Has anyone ever tried to use a sound trigger to fire the shutter?
I bought one of these nifty devices a while back and it worked great. The decible level could be set to activate my motor-driven camera with sound...which could be set anywhere from a whisper to a gunshot.

I found that by popping chewing gum in my mouth real loud...(one of my least proud talents), I could fire my camera by remote and get some real cool "action" self-portraits while fishing,...AND, keep both hands free to appear more natural.

The first time I attempted this I had just caught a huge brown trout and wanted to get a shot of me "landing" the fish.
After spending about 20 minutes setting up the camera, remote and sound trigger, and getting the composition just right...I suddenly realized that I had forgotten to bring chewing gum.
I figured,..."That's OK, I'll just yell at the darn thing."

So I removed the fish (still very much alive) from the submerged net bag I had him resting in after the capture and got into position.
...Now, I start "yelling" at the camera,...nothing happens.
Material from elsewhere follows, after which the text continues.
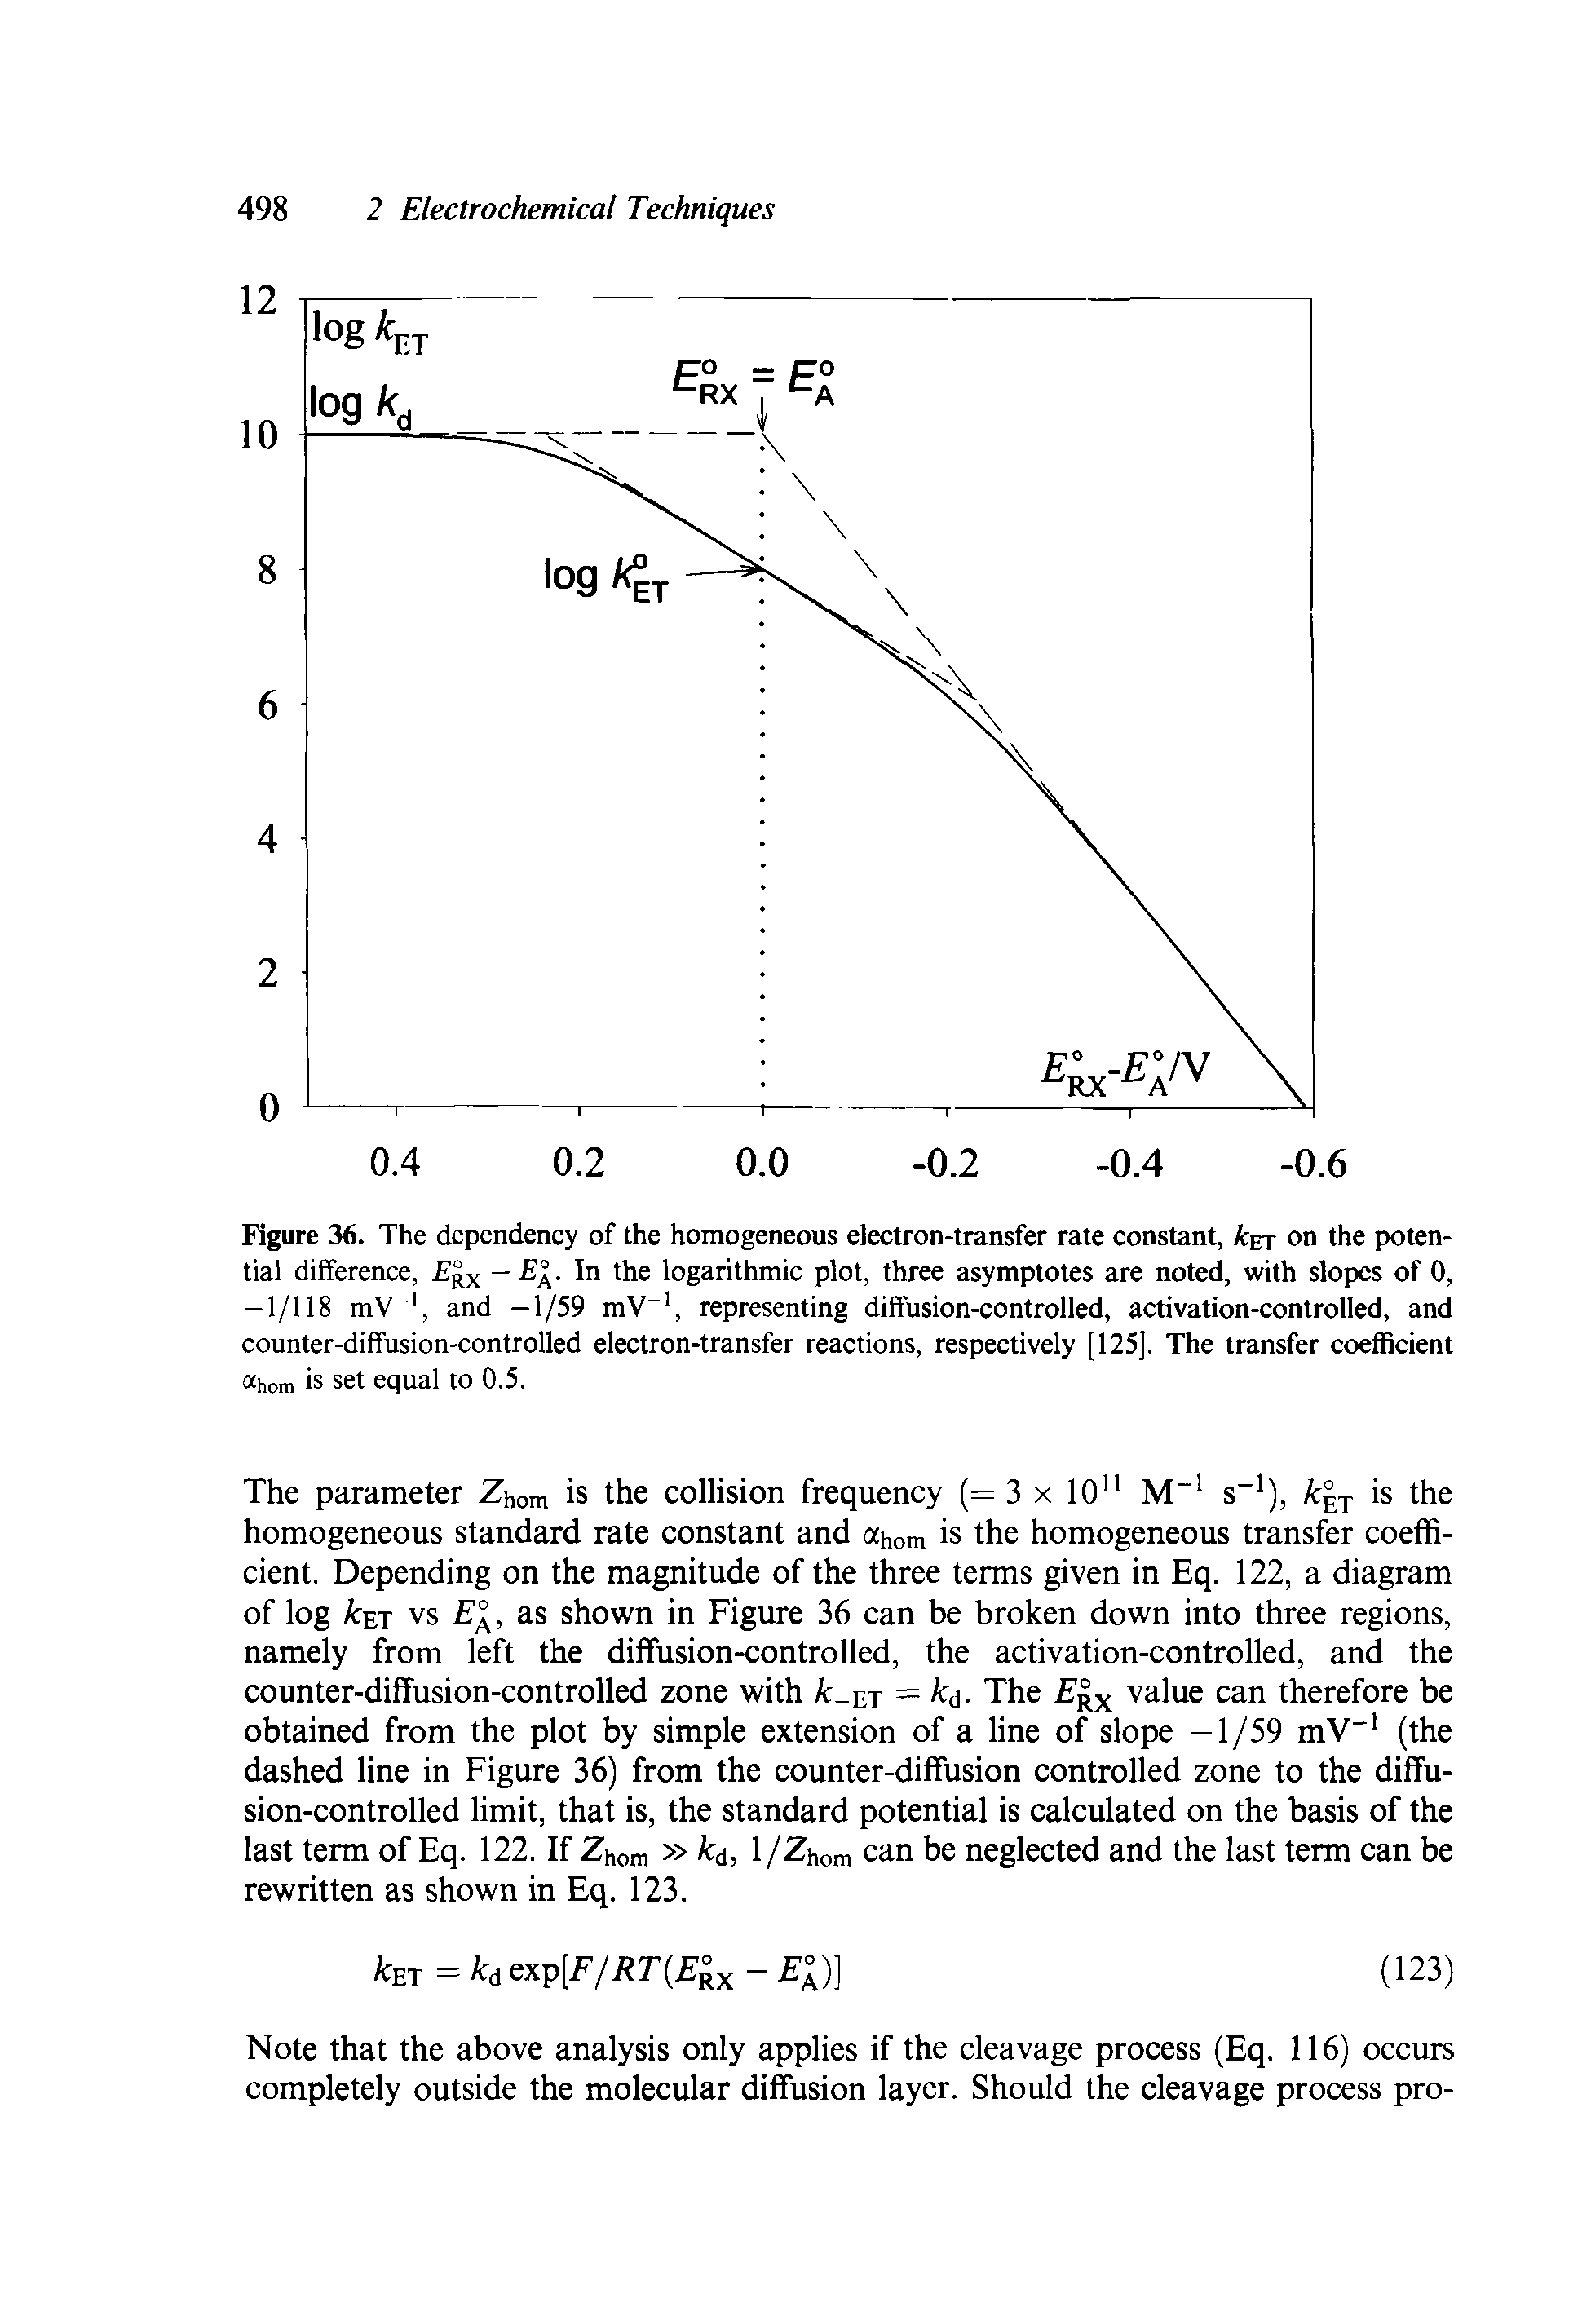 Figure 36. The dependency of the homogeneous electron-transfer rate constant, A et on the potential difference, Erx - a- In the logarithmic plot, three asymptotes are noted, with slopes of 0, -1/118 mV, and -1/59 mV , representing diffusion-controlled, activation-controlled, and counter-diflfusion-controlled electron-transfer reactions, respectively [125]. The transfer coefficient...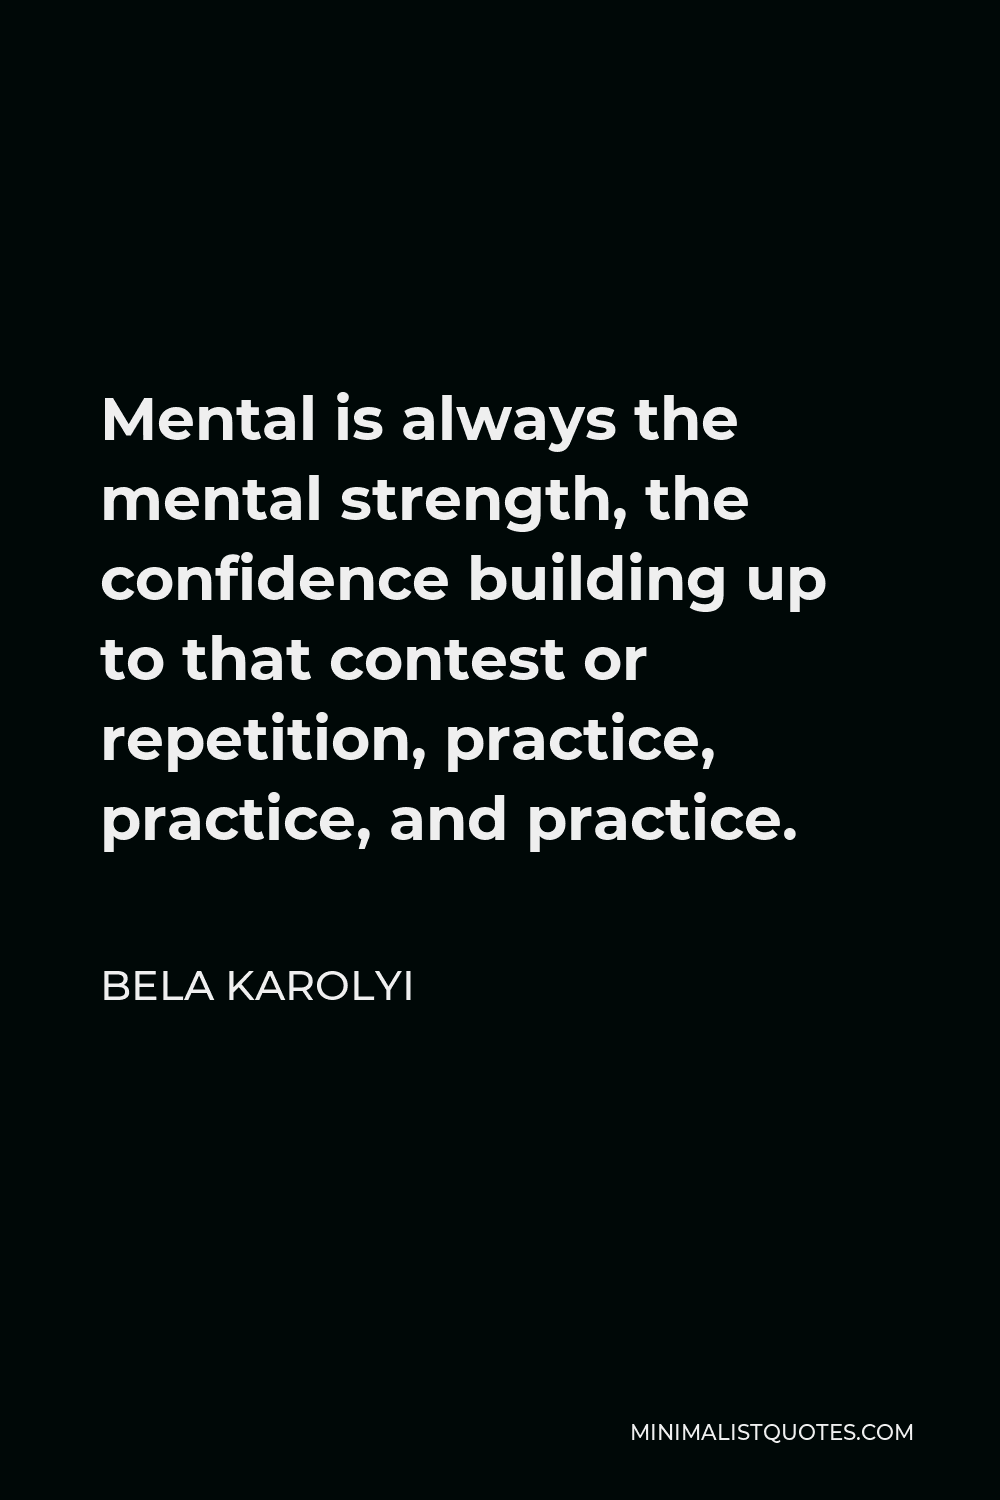 Bela Karolyi Quote - Mental is always the mental strength, the confidence building up to that contest or repetition, practice, practice, and practice.

I yell LOUDER,...still nothing!

I figured the sensitivity on the sound trigger must be set too low so I went over to return the confused (but still healthy) trout to the net bag while I re-adjusted the sensor.

Just then, a noisy truck drove over a nearby rickety bridge and activated the sound trigger.
My camera and motor drive,...which I had set to "continuous", started gobbling film at 3.2 frames a second!
I ran over quickly to turn it off but not before an entire roll of 36 exposures had been consumed...and I had no back-up rolls that day.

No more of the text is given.